Three new short-form ambient releases on the beloved (+ scarce) 3″ CDR format from the Belgian label Taâlem. All are limited in small editions.
From Jon Unger comes two pieces that run a total of just over twenty minutes, combining field recordings with electronics and guitar/pedals. Memory Indicator opens with No Dominion, a deep drone work with a burring bottom end reverb. As the murky gray lifts momentarily you will witness a rising harmony through the chasm of silty abstraction. The writhing synths are almost crying out through the hiss and other circumstance. Over the course the chord structure breaks off into small flourishes, like small broken branches grasping for life. The pedaling is ethereal and at times erupting into an alarm just before what appears to be something quite volcanic. Hum, on the other hand, engages the ear with a vaporous strum. Far warmer than its counterpart this piece dazzles in its stripped down simplicity, tickling the ear with a ghostly atmosphere of microsound and a restrained arch of chordal management. Like a butterfly cracking slowly from the cocoon this operates on its own time.
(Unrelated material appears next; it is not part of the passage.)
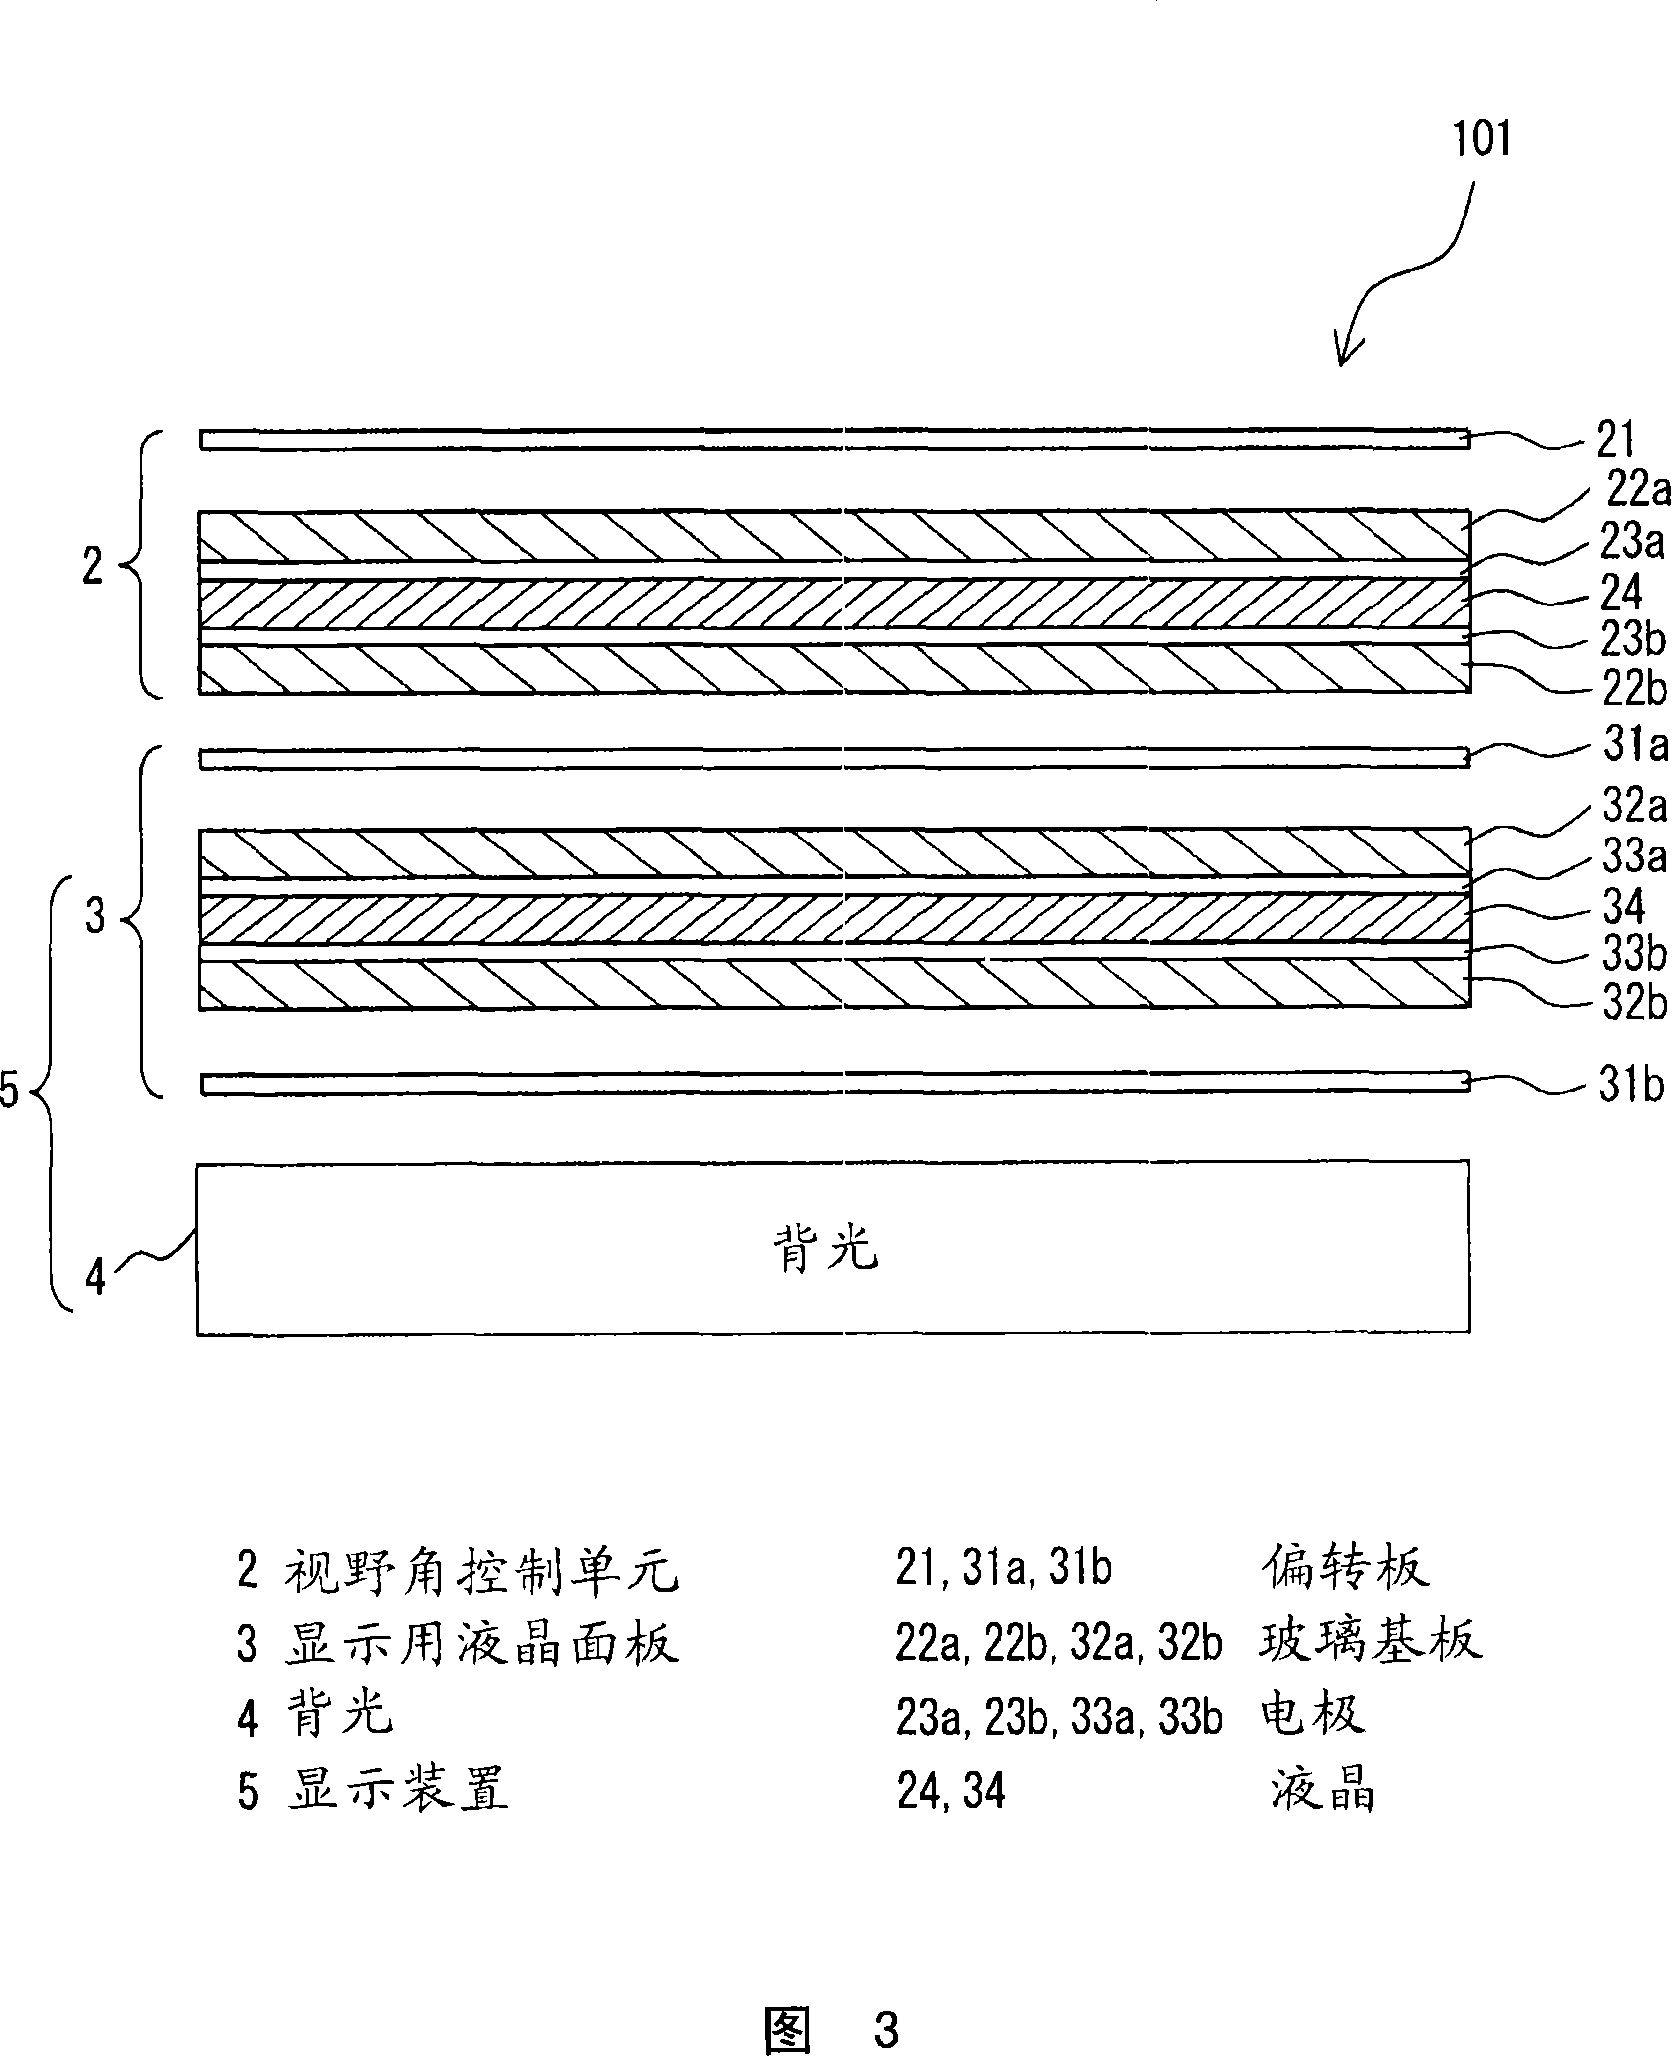 Mobile information terminal device, and display terminal device

Le Phonographe en Particulier is the first of three tracks on this recording from Brussels-based Flavien Gillié and Rituels Domestiques is fueled by drone and stretched melodies. It feels as though time has been altered, at a bit of an impasse, standing almost still here as if stuck within a loop. The wave-like design of Réaccordage, however, flips that on its end, offering a striking toy-like melody with this slithering (and slightly foreboding) rhythm. It’s like dreaming of your childhood when the ice cream man would ring his bell through the neighborhood vying for the attention of your sweet tooth, all awash in waves and windy effects that move this forward. This mix here is vivid, alive, yet resists just short of becoming overtly slick. Just add running water, and this is an elusive visit to the shore. The clang of chunky chimes brings a certain balance towards the end, and now you drop into the hive-like harmony of Souen. And the piece rides this levitating drone throughout the nearly six minute piece, changing so slightly in tone it is barely audible, but it plays like a long curve. At fadeout this deflates like a large balloon.
Recently I had reviewed a work by A.F. Jones on Unfathomless and this reminds me, again, of sense of place (the Pacific Northwest to be exact) and when you plug the title into Google Maps, you indeed get the same area where he lives and works: 48°06’48″n 122°45’19″w. for Eschrichtiidae (omniana) is a singular work just over seventeen minutes in length infused by a watery runoff upon a tine roof or shed of some sort. That along with some muffled actions make for balancing the in/organic here. The buoyant patter of the rain is like a continuous, splattered open percussion and once it dies down after several minutes we are left with an open circuit, like gaseous air. Jones’ extremely minimalist composition of field recordings captures something altogether of Mother Nature, and as the great philosopher Emmanuel Levinas quoted ‘the other’. This was actually captured partly underwater via hydrophones and condensers upon a ferry in the waters of the Puget Sound. He managed to capture the drop of an anchor and the wake of reverb within low-lying undercurrents. The effect is stimulating and hydro-sonic.